This error is a bit worrysome. Have you ever seen a similar 'drive access' error occurred using this 1TB SSD, or does it only occurred when using Macrium Reflect?

.........only with Macrium, but maybe as alluded to by thedemon, this could be tied into why the system won't boot off AHCI, even with just the SSD, I've been trying to problem solve on my own , fwiw too, and it seems one CAN change a registry entry to "override" an AHCI error, but am a bit scared to do it that way:

QUOTE:

-----------SNIP

In that case, look for this in the registry instead in Windows 8.

HKEY_LOCAL_MACHINE\SYSTEM\CurrentControlSet\Services\storahci\StartOverride

Change the 0 DWORD value from 3 to 0.

Reboot, and change your SATA controller to AHCI in BIOS.

You will boot into Windows with AHCI drivers.

---------SNIP

It may be an issue with how Macrium Reflect accesses the drive. It may be necessary to utilize some other 'drive clone' program/process to complete the transfer.

.......maybe so, but since I am unable to connect both the SSD and HDD simultaneously, I don't see a way, I actually put the HDD in an enclosure, and plugged it into USB , however, I seem a bit cursed in all this , as though win10 didn't show it as a drive letter, in hindsight maybe I should have looked in "disk management" to see if it was there...if I didn't.

<...>

My 1st choice would be to directly clone the SSD back to the DISK drive, but since that is failing I'm trying to work around, by writing an image to a 1TB USB HD, however, it is running out of space, so what I don't know is how much space is required for an image to be written, as the SSD is also 1TB, though it has 2-3 partitions.

I am also unclear if this approach will even work, where, I write the SSD image to the USB HD, unplug the SSD, plug in the DISK HD , and boot off DVD and restore the image via USB to the DISK HD

If your SSD contains 3 partitions you need to be sure what each contains (C: D: System Reserved: ???)

From one of your posts, Macrium was detecting -- Hard Disk 1; NTFS; Size: 450.0 MB / 328.6 MB Used / 121.4 MB Free

So what are the other two partitions marked as? Is one a System Reserved or D: ??

It *should* be possible to have both the SSD and similar sized Hard Drive connected via SATA and do a direct "Clone" operation.

Otherwise you can use an alternate two-step method of creating a Drive "Image" to a third USB Drive, then using an alternate boot method to bring an OS up and access recovery tools to image the remaining Hard Drive into a bootable, functioning OS partition.

 

........if it is not necessary to fix the AHCI to get two HDs "seen" and be able to boot, then what would stop the problem in just SATA mode, and perhaps I just forget about trying to fix the AHCI ; I start to lose track of what happens when I'm in SATA mode with HDD, and SSD, I believe i get "unable to find boot device" and there is no issue with Bios boot order.

......please see my answer to thedemon on the SSD partitions and sizes , cheers

Posted

Since you have a drive enclosure, I would suggest pulling the SSD and placing it in that, install the HHD in the PC, set the BIOS back to normal setting, then either boot the enclosure or another Live/PE environment and try cloning again -- just make sure you're cloning in the DESIRED DIRECTION (Maybe remove all the partitions off the HDD before starting).

Note, other members on the board are experiencing issues with Magician running under Windows 10. Incompatible driver issues are causing problems.

You may find it quicker to reinstall Windows 10 and App environment to the HDD, then try to copy over your DATA separately. Though, keep trying with the clone.
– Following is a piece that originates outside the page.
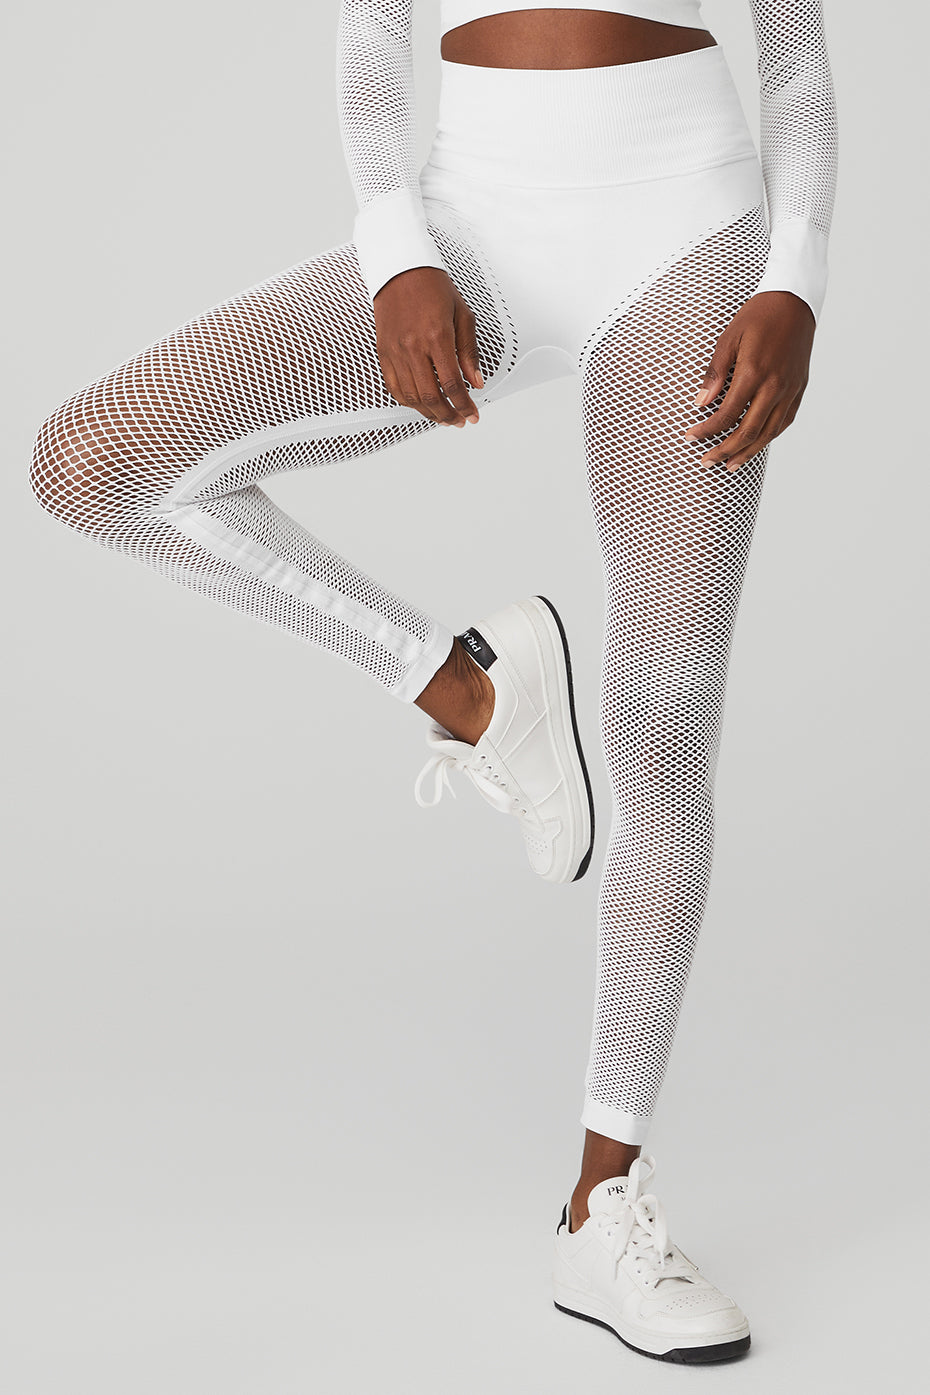 ALO Yoga, Pants & Jumpsuits, Alo Yoga Coast Leggings White Sheer Panels  Size Large Brand New With Tags Bnwt
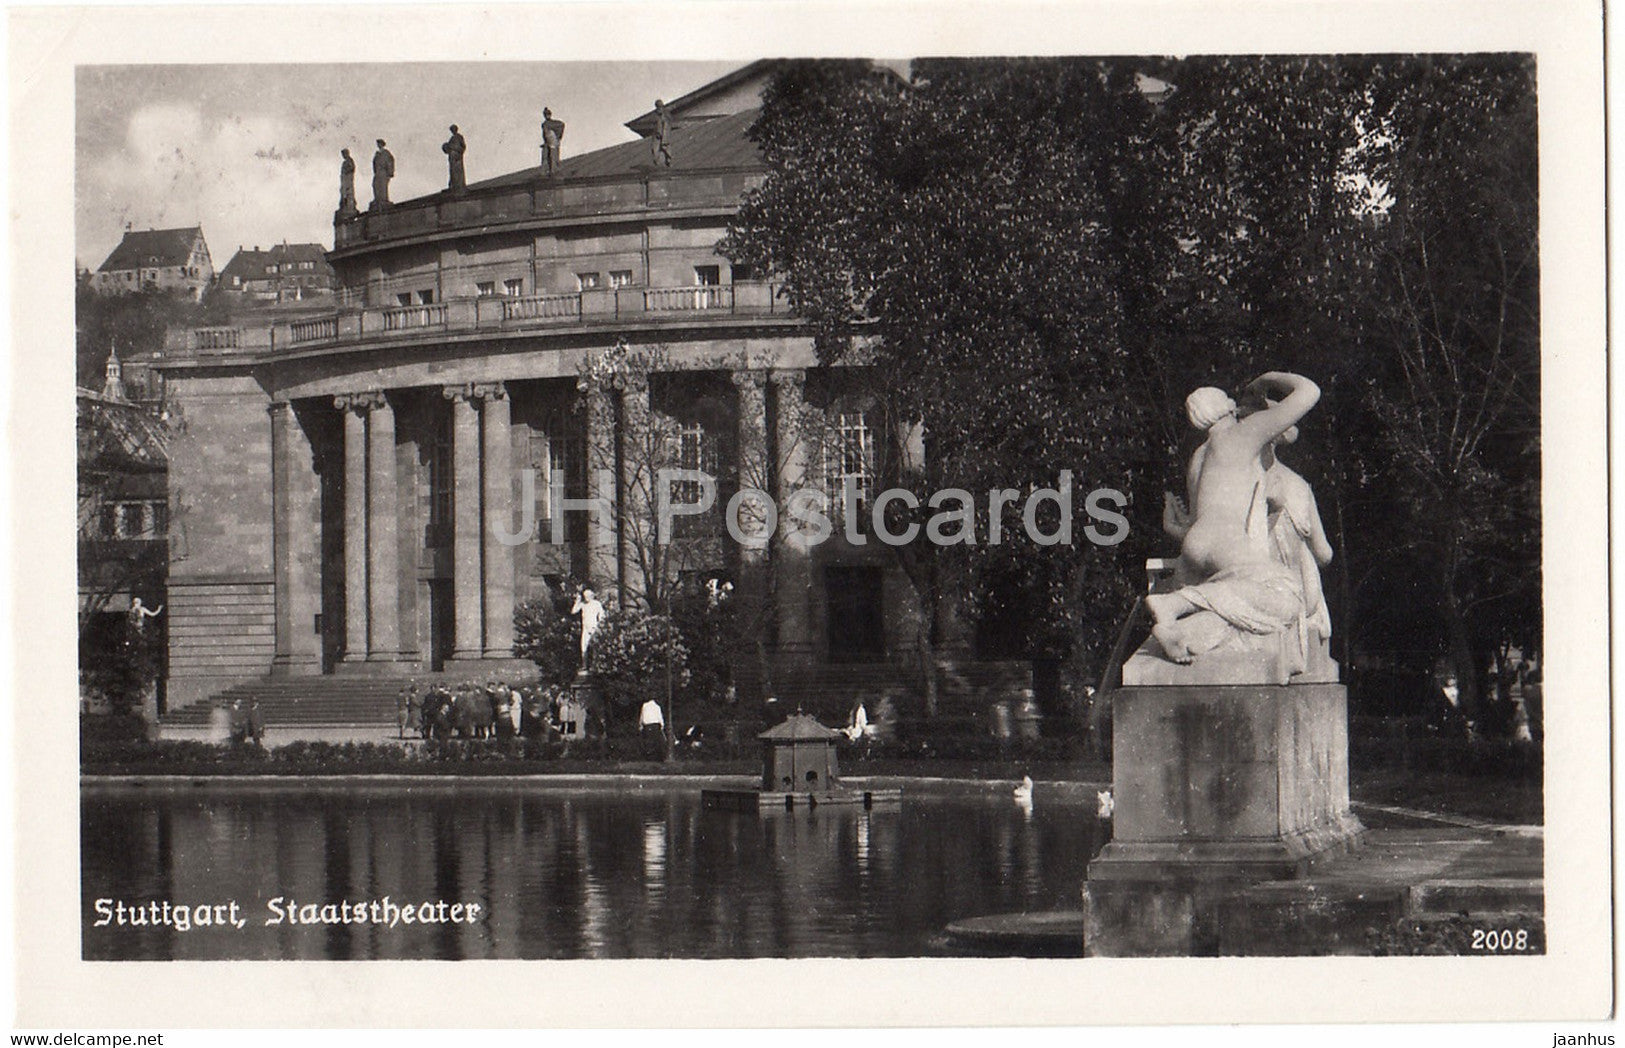 Stuttgart - Staatstheater - theatre - old postcard - 2008 - 1950 - Germany - used - JH Postcards

Just make sure the process is error free before calling it done.

Posted

hmm, so BIOS "normal setting" would be "SATA" or "AHCI" ? I wasn't aware I could "boot from a USB enclosure", I'm a bit afraid to remove the SSD again, as last time, after replugging the SSD into a different SATA header on the MB it, itself would not boot, I believe, because it seems to want to stay on the same SATA MB header that it is installed on? as pluggin and repluggin it into different headers seemed to fix it ( i was at the time, also plugging and repluggin the HDD into different headers, as in the BIOS there is some message about SATA needing to be on SATA 1-4 out of the 6 SATA headers ......

 

Since you have a drive enclosure, I would suggest pulling the SSD and placing it in that, install the HHD in the PC, set the BIOS back to normal setting, then either boot the enclosure or another Live/PE environment and try cloning again -- just make sure you're cloning in the DESIRED DIRECTION (Maybe remove all the partitions off the HDD before starting).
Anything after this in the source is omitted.